#### Given entries

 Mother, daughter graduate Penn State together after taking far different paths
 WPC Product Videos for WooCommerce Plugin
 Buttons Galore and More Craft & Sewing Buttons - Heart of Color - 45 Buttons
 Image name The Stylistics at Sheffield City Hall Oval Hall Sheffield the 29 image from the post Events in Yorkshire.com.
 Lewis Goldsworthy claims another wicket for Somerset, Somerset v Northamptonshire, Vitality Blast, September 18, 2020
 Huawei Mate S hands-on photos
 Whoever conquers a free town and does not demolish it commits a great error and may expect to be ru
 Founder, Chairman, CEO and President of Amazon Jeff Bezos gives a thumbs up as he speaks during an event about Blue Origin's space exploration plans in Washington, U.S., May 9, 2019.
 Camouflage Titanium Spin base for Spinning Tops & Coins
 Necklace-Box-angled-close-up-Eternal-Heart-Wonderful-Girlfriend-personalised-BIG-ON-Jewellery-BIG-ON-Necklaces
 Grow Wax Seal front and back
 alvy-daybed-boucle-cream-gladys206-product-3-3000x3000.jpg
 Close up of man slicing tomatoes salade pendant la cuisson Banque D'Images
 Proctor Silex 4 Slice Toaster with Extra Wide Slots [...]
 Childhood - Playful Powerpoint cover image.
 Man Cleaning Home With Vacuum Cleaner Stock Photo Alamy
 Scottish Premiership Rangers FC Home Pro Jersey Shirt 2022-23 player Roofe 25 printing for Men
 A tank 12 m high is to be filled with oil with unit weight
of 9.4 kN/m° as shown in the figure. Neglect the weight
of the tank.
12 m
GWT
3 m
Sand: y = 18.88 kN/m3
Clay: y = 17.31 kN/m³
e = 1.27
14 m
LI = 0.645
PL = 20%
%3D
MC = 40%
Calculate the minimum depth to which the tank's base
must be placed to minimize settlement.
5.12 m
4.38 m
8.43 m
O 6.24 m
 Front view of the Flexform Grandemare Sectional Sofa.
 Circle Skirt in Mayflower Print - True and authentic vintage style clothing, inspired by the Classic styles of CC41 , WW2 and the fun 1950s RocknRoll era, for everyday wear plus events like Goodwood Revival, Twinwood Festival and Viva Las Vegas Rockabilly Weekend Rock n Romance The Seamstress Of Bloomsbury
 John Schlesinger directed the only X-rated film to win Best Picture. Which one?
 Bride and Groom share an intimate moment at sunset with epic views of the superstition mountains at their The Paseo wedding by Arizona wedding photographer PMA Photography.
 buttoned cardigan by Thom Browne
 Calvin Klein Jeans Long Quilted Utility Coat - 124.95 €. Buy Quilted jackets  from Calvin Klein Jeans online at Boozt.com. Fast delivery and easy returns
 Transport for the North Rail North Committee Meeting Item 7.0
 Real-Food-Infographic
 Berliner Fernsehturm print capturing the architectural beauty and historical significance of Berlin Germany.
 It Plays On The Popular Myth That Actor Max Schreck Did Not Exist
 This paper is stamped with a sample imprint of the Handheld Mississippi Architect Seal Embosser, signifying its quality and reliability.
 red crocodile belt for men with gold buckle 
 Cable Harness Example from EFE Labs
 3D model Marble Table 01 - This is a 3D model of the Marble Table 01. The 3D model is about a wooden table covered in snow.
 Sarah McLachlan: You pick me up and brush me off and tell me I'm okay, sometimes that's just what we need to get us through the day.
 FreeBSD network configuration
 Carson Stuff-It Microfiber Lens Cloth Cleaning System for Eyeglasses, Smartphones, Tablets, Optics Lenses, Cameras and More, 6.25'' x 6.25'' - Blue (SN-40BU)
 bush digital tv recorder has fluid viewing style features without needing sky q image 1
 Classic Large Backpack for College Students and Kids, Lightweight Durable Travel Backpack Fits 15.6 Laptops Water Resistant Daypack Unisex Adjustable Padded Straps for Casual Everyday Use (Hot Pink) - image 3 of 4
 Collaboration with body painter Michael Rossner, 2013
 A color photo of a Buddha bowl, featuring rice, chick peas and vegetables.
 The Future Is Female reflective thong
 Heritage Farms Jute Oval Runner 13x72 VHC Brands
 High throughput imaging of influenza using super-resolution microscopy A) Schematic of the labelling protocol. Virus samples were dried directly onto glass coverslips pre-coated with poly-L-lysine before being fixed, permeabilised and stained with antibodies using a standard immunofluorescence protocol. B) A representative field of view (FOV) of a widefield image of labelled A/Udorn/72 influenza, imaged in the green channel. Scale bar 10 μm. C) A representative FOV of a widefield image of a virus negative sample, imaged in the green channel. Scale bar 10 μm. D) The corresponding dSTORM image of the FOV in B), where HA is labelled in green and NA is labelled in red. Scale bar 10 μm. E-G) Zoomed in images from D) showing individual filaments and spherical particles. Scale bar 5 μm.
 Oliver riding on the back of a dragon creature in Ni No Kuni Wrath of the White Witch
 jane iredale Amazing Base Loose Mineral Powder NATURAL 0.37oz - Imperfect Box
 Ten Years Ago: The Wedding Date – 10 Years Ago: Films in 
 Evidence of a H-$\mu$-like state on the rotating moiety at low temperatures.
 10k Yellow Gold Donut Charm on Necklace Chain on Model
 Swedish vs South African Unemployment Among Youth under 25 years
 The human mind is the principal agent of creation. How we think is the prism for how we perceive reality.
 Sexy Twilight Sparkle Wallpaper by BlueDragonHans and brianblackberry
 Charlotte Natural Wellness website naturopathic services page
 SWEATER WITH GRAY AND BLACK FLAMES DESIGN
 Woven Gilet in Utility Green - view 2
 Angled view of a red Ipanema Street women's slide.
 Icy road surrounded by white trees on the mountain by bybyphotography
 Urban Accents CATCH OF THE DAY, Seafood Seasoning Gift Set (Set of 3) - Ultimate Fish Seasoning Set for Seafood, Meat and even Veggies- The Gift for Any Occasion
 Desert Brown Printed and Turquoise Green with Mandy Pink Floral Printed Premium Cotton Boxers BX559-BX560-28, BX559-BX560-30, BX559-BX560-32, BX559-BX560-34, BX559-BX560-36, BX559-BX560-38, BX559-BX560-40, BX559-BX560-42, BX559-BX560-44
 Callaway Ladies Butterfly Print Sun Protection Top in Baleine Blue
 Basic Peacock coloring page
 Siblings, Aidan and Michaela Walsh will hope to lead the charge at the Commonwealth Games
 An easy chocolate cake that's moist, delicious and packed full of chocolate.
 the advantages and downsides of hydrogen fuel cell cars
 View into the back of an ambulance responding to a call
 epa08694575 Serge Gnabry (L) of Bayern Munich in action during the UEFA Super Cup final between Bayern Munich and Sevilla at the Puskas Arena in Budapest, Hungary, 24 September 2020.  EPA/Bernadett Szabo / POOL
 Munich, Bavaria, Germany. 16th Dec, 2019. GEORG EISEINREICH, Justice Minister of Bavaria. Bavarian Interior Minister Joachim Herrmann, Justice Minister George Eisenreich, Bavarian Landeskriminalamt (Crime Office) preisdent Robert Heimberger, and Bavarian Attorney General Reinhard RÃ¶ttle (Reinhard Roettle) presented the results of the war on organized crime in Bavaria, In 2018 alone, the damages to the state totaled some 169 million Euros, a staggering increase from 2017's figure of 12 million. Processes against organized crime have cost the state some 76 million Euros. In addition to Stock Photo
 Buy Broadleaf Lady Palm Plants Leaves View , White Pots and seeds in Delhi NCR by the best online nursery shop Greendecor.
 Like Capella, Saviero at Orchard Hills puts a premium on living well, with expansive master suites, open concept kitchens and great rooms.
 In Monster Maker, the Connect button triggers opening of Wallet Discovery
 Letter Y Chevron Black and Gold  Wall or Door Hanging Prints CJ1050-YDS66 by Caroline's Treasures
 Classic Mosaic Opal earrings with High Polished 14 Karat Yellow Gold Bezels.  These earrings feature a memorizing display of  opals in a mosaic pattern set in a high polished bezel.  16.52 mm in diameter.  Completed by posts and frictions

#### Problem description
Copy all lines from the material above that hold the word "Oval".

#### Your response
 Image name The Stylistics at Sheffield City Hall Oval Hall Sheffield the 29 image from the post Events in Yorkshire.com.
 Heritage Farms Jute Oval Runner 13x72 VHC Brands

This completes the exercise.